The syntax for the scope option SENTENCE
is the following:
SCOPE SENTENCE [ON ATOM]
{
rule(s)
}
It is also possible to operate on multiple sentences by using the following syntax:
SCOPE SENTENCE*n [ON ATOM].
{
rule(s)
}
Where the asterisk (*
) is a multiplier and n
is a number indicating how many adjoining sentences the rule will act upon. For example:
SCOPE SENTENCE*3
{
//rule(s)//
}
the rule would act upon text blocks made of three sentences: the first, the second and the third sentence of the text; the second, the third and the fourth and so on.
CLAUSE scope
CLAUSE
is one of the standard textual subdivisions. It consists of one or several words within a sentence representing the smallest grammatical unit that can express a complete proposition. By selecting this option, the rule will be applied to every clause that has been recognized in the entire input document.
The syntax for the scope option CLAUSE
is the following:
SCOPE CLAUSE [ON ATOM]
{
rule(s)
}
The disambiguator is able to recognize the clauses in a sentence (if they exist), identify the types of clauses (independent or dependent) and also the types of dependent clauses.
The predefined names of such clause types can be optionally used as constraints to define a clause scope. The syntax is:
SCOPE CLAUSE(clauseType) [ON ATOM]
{
rule(s)
}
The clause types are listed below: as GENERIC
identifies a portion of text which is not a proper clause, the SCOPE CLAUSE
syntax with clause_type GENERIC
does not trigger any rule.
Type | Abbreviation | Description |
---|---|---|
INDEPENDENT |
IND |
Corresponds to the only clause of a simple sentence or to the main clause of a complex sentence containing several clauses |
SUBORDINATE |
SUB |
Corresponds to any kind of dependent clause that adds information to an independent clause, but which cannot stand by itself as a sentence.

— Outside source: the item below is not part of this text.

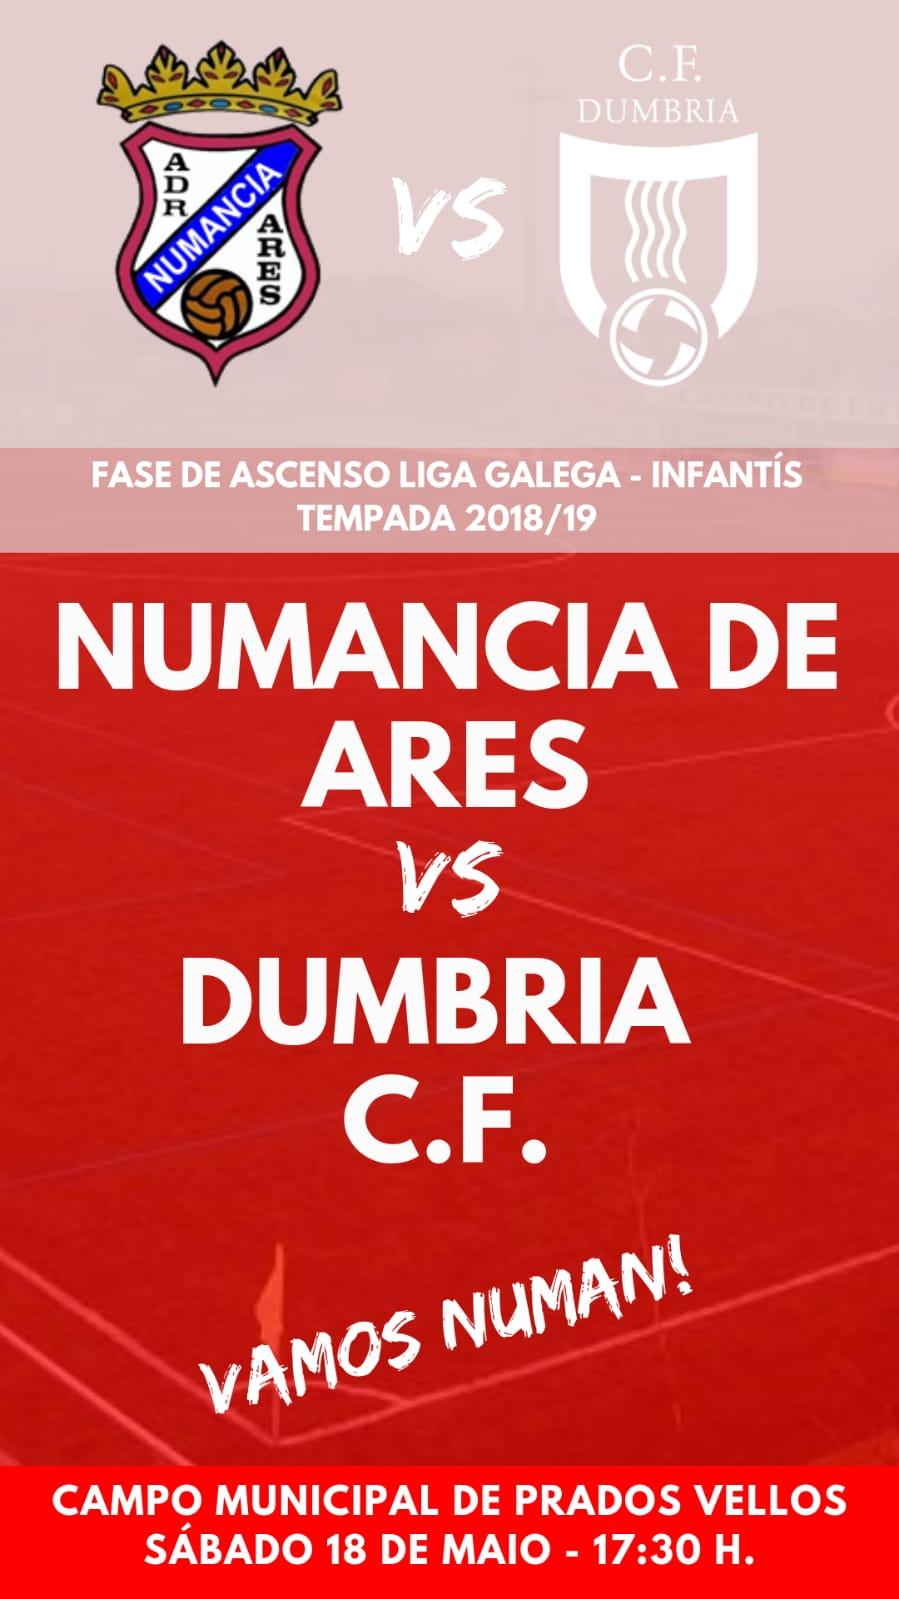 ADR Numancia de Ares. Fase de Ascenso Liga Gallega de Infantiles temporada 2018-2019.
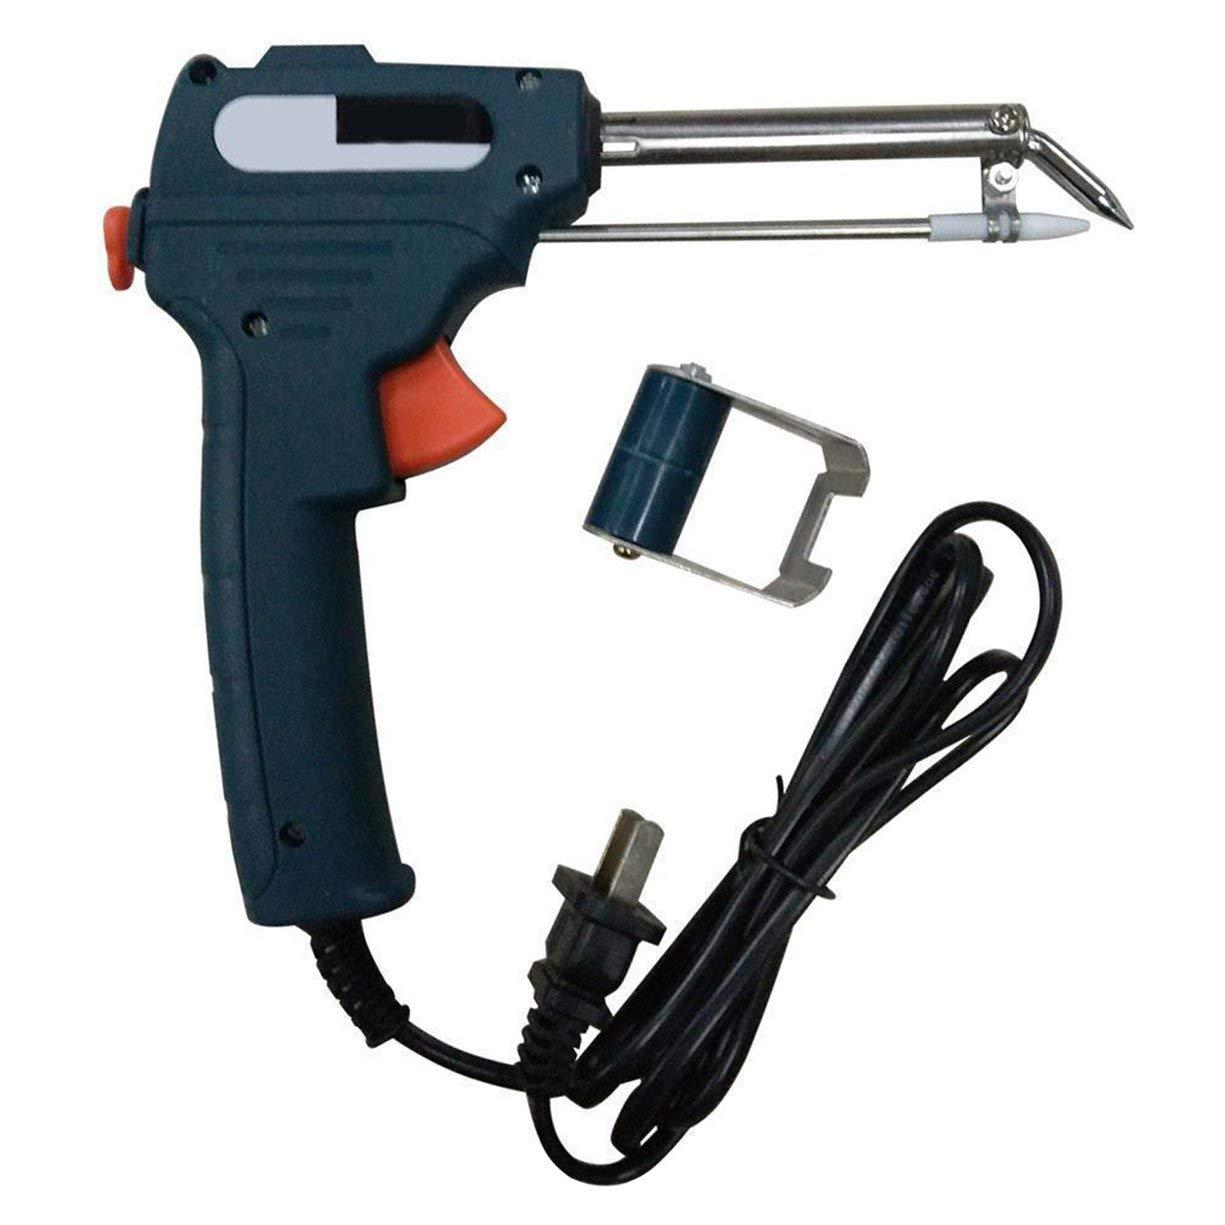 220V 60W Manual Soldering Gun Electric Gun Type Iron Automatic Soldering Machine Automatically Send Tin Fast Heating

For example all the clause types listed here excepted the INDEPENDENT |
RELATIVE |
REL |
Corresponds to a kind of subordinate clause that begins with a relative pronoun and contains an element, whose interpretation is provided by an antecedent on which the subordinate clause is grammatically dependent |
NON-FINITE |
NF |
Corresponds to a kind of subordinate clause containing a verb which does not show tense (non-finite) |
PREPOSITIONAL |
PRP |
Corresponds to a kind of subordinate clause introduced by a preposition |
CAUSAL |
CSL |
Corresponds to a kind of subordinate clause that states the reason or cause of the fact stated in the independent clause |
TEMPORAL |
TMP |
Corresponds to a kind of subordinate clause that indicates an act or state that occurs prior to, at the same time as, or subsequent to the act or state of the main clause |
COMPARATIVE |
CMP |
Corresponds to a kind of subordinate clause that follows the comparative form of an adjective or adverb |
SUBJECT /OBJECT |
S/O | Corresponds to a kind of subordinate noun clause which acts as the subject or the object of the preposition |
NON-FINITE SUBJECT /OBJECT |
NSO |
Corresponds to a kind of subordinate noun clause containing a verb which does not show tense (non-finite) |
CONDITIONAL SUBJECT /OBJECT |
CSO |
Corresponds to a kind of subordinate noun clause expressing factual implications or hypothetical situations and their consequences (introduced by if) |
PURPOSE |
PRS |
Corresponds to a kind of adverbial clause expressing purpose (commonly referred to in linguistics as final clause) |
CONSECUTIVE |
CNS |
Corresponds to a kind of subordinate clause which expresses the result of the action stated in the main clause or a preceding sentence |
CONCESSIVE |
CNC |
Corresponds to a kind of subordinate clause which expresses an opposite idea compared to the main clause |
ADVERSATIVE |
ADV |
Corresponds to a kind of subordinate clause which expresses an event or situation that is opposite to that of the main clause (introduced by but...) |
GENERIC 1 |
SUB |
Denotes portions of text that are not real clauses |
PARENTHETIC |
INC |
Corresponds to a kind of clause, often explanatory or qualifying, inserted into a passage with which it is not grammatically connected, and marked off by brackets, dashes, etc. |
It is possible to select a single clause type or a list of several types to be used as constraint. For example:
SCOPE CLAUSE(INDEPENDENT)
{
//rule(s)//
}
is a rule which acts upon any text block recognized to be an independent clause within a sentence, whereas
SCOPE CLAUSE(TEMPORAL, COMPARATIVE)
{
//rule(s)//
}
acts upon any text block recognized to be either a temporal or a comparative clause.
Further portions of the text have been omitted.